Итак, перевод должен, как мне кажется, принять следующий вид:
Он [Растиньяк] полагал, что мне надобно бывать в свете, сделаться ловким себялюбцем, отбросить скромность и приучить окружающих произносить мое имя без прибавления словечка «господин», с которым великий человек обязан распрощаться еще при жизни.

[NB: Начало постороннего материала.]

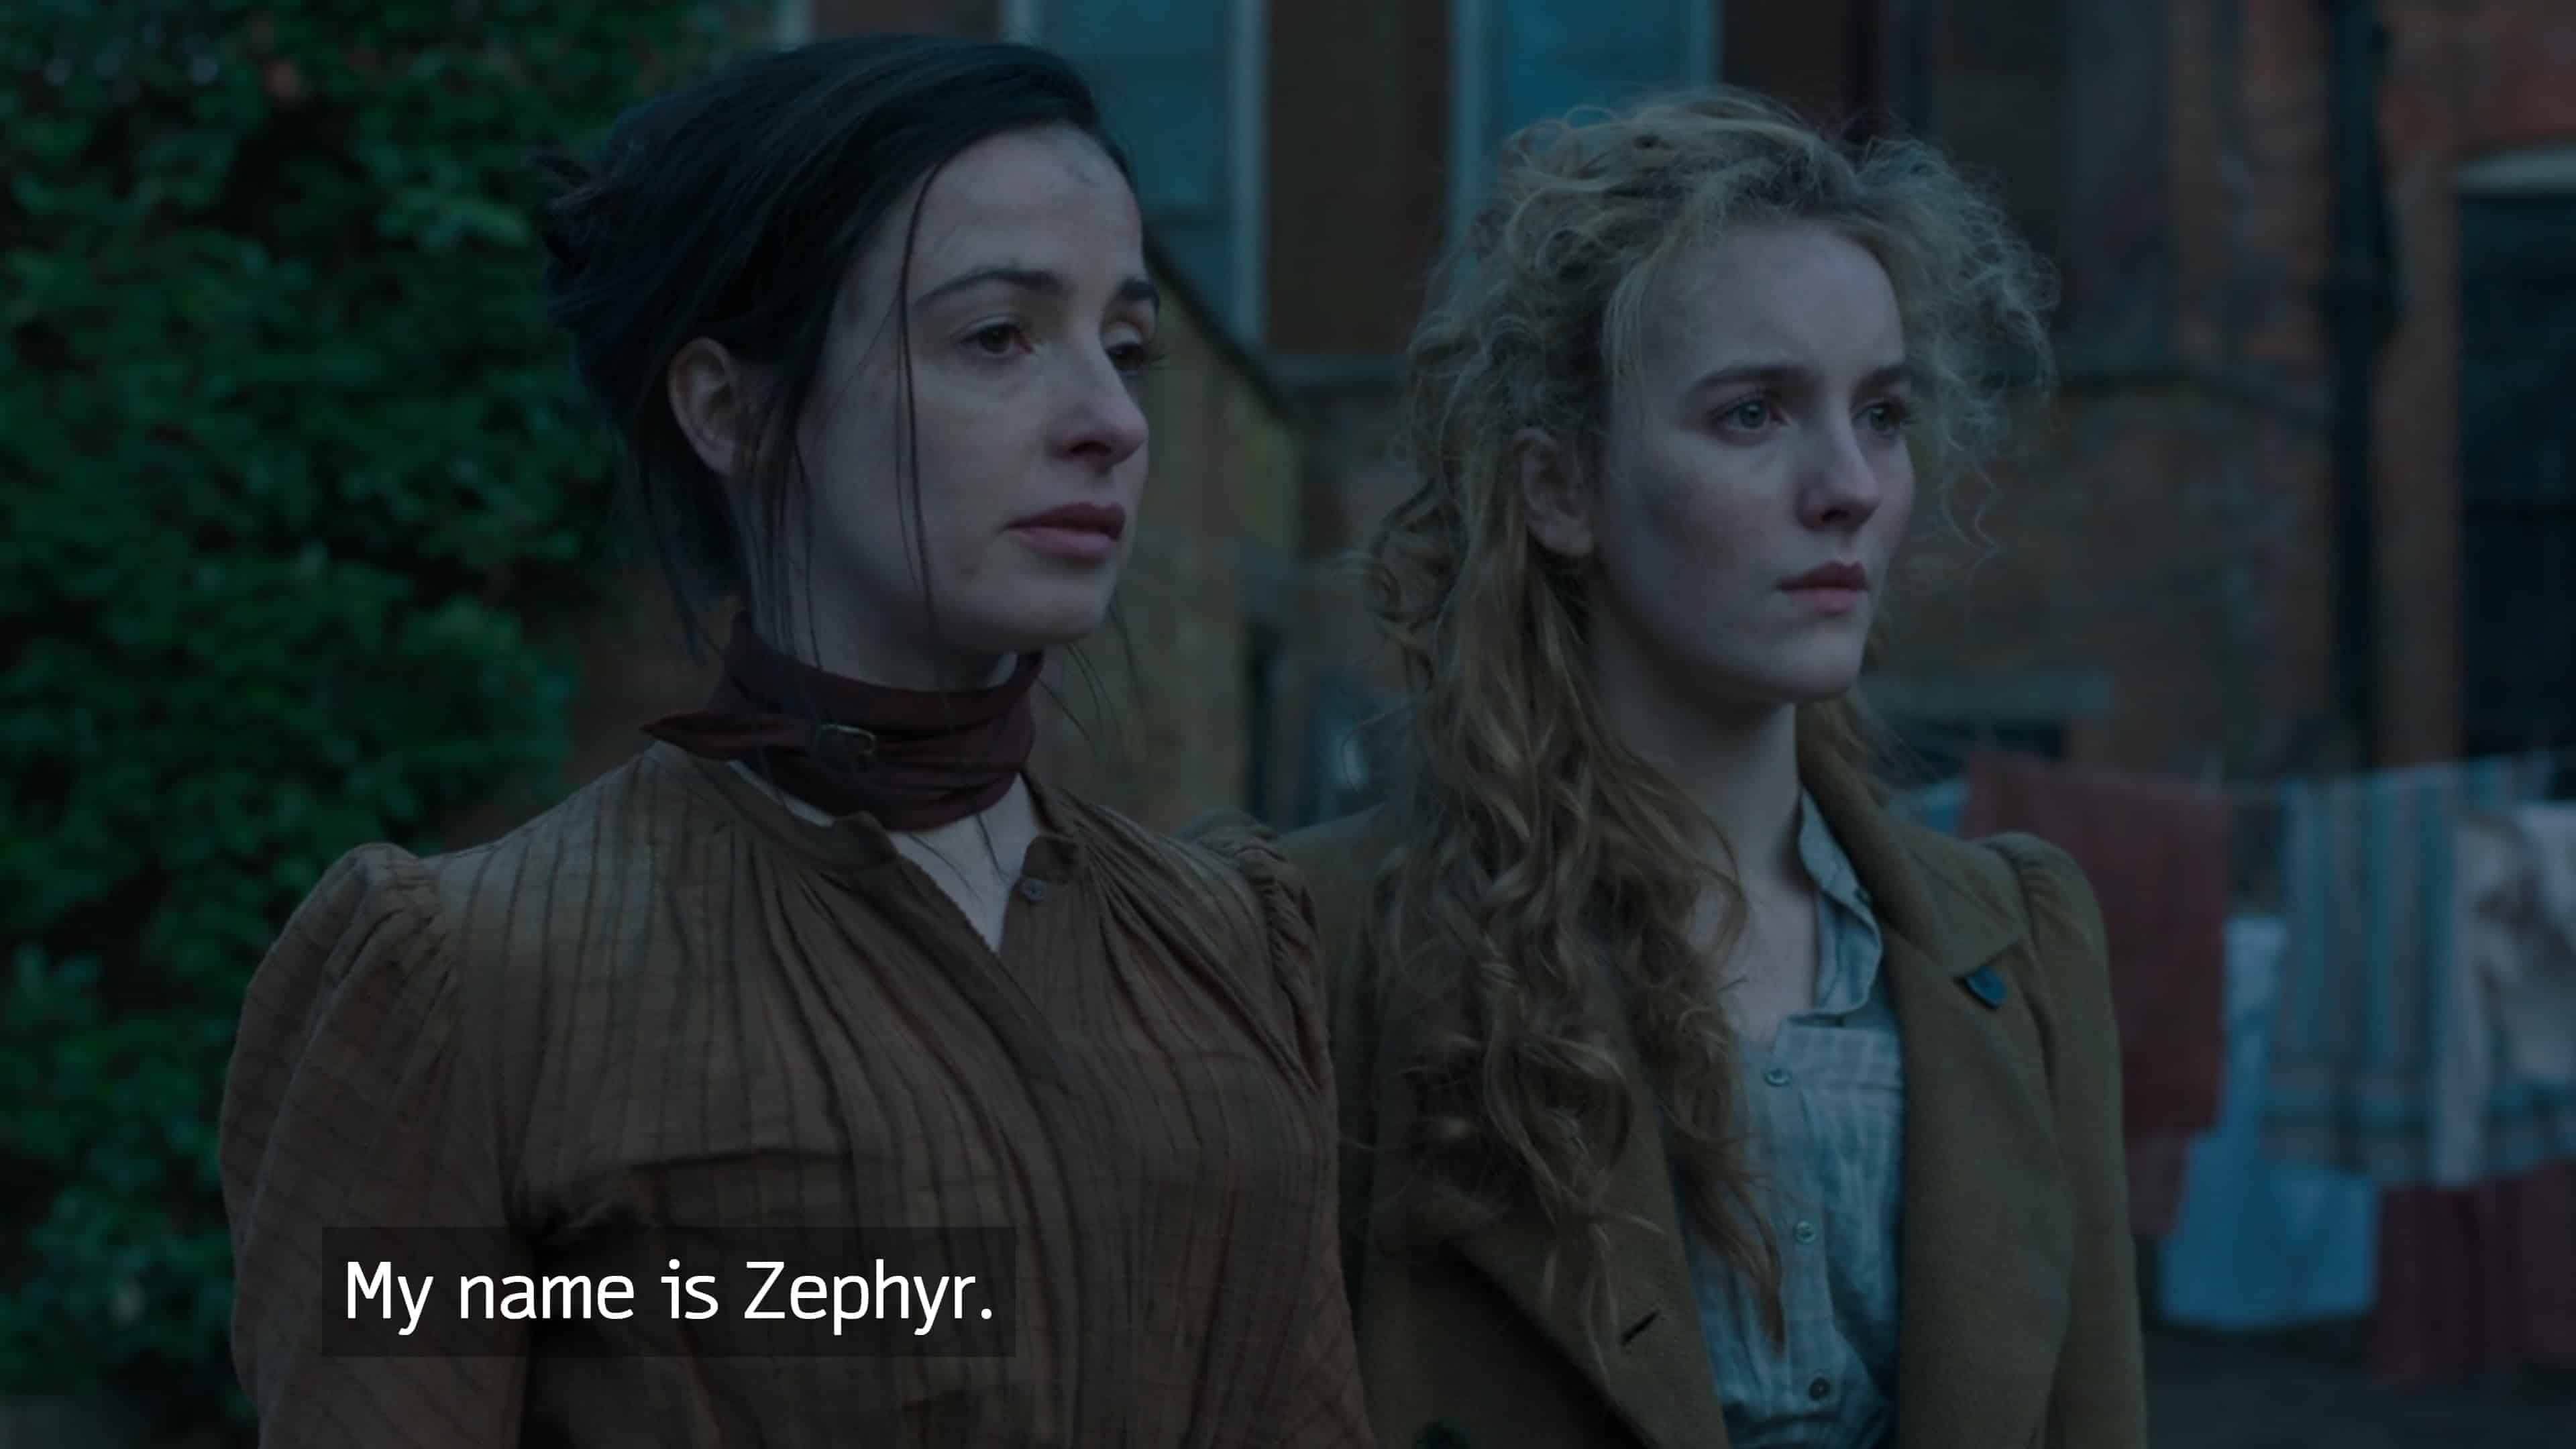 Amalia revealing her true name is Zephyr

3. В русском переводе Растиньяк говорит Рафаэлю де Валантену о литературном поденщике: «Он круглый невежда» [Бальзак 1951–1955: 13, 116]. В оригинале, однако, эта фраза гораздо более конкретна: «Il est ignorant comme la mule de don Miguel» [Balzac 1976–1981: 10, 165]. Чтобы ее понять, требуется довольно замысловатый реальный комментарий. Дон Мигель (1802–1866), король Португалии c 1828 по 1834 год, был известен деспотизмом и безграмотностью; в 19 лет не умел ни читать, ни писать. В 1828 году его мулы понесли и опрокинули карету, и это событие послужило поводом для «Послания к мулам дона Мигеля», которое опубликовал в 1829 году Жан-Понс-Гийом Вьенне, прогрессист в политике (в палате депутатов в эпоху Реставрации он примыкал к левой оппозиции), но классик и старовер в литературе. Послание это носит откровенно антиромантический характер, мулы дона Мигеля служат только предлогом для обличения литературных новаторов. Мулов, опрокинувших короля-деспота, Вьенне восхваляет как потенциальных героев романтической трагедии для постановки в цирке. Антиромантический выпад Вьенне не остался без ответа; очень скоро некий аноним опубликовал собственную поэму под названием «Мулеида», где певцу мулов адресованы слова: «Наш классик наконец обрел свою эмблему» [Balzac 1976–1981: 10, 1293]. Иначе говоря, Бальзак устами Растиньяка говорит: литератор, о котором идет речь, еще глупее, чем дон Мигель, его мулы и воспевший их поэт. Аллюзии многослойные и злободневные; как и в сцене оргии, где персонажи перебрасываются ультрасовременными намеками, здесь обыгрывается недавнее событие политической и литературной жизни. Перевод «Он круглый невежда» ничего этого не воспроизводит, и потому, несмотря на риск сделать сам текст более тяжеловесным, а работу комментатора – более трудоемкой, переводить эту фразу, на мой взгляд, следует так: «Он невежествен, как мул дона Мигеля».